> [EXERCISE INSTRUCTIONS]:
For the records below, print the lines from the line with "Baby Girl Bedroom Decor" through the line with "25 Baby Bedroom" exactly as written; include both end lines and exclude the rest.

::: DATA SUPPLIED

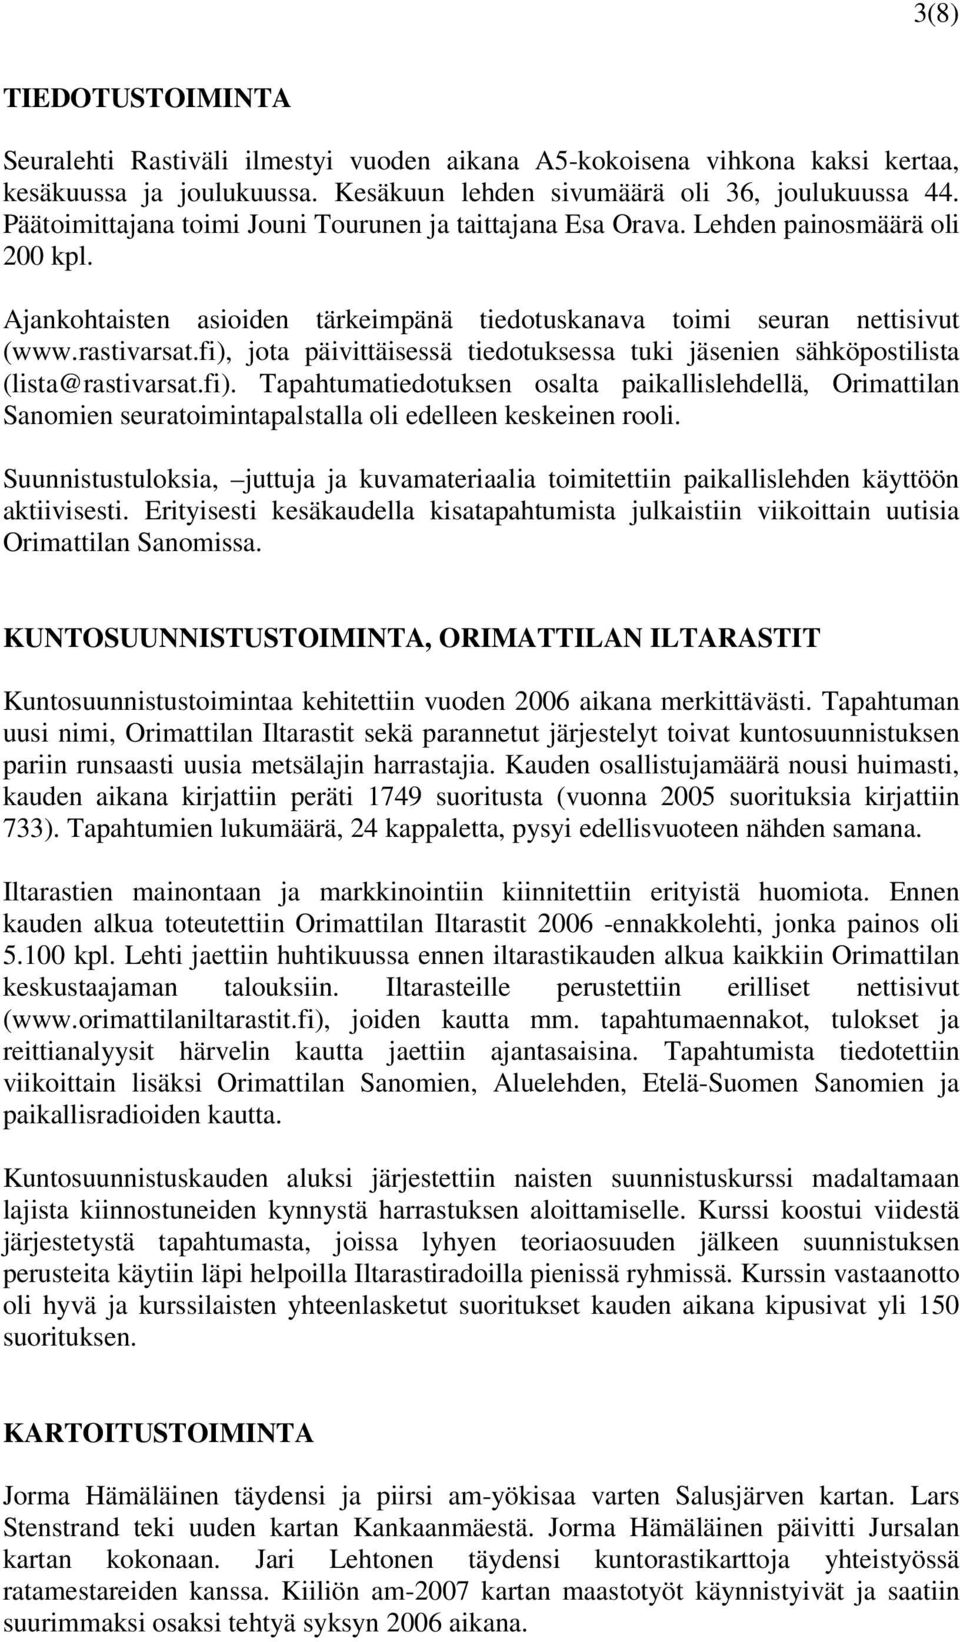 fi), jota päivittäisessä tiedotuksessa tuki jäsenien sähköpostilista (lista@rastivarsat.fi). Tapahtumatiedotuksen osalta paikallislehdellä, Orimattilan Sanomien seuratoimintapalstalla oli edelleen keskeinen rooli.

::::::
::: DATA SUPPLIED

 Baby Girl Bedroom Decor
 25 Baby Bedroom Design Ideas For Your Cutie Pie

::::::

> [EXERCISE RESPONSE]:
 Baby Girl Bedroom Decor
 25 Baby Bedroom Design Ideas For Your Cutie Pie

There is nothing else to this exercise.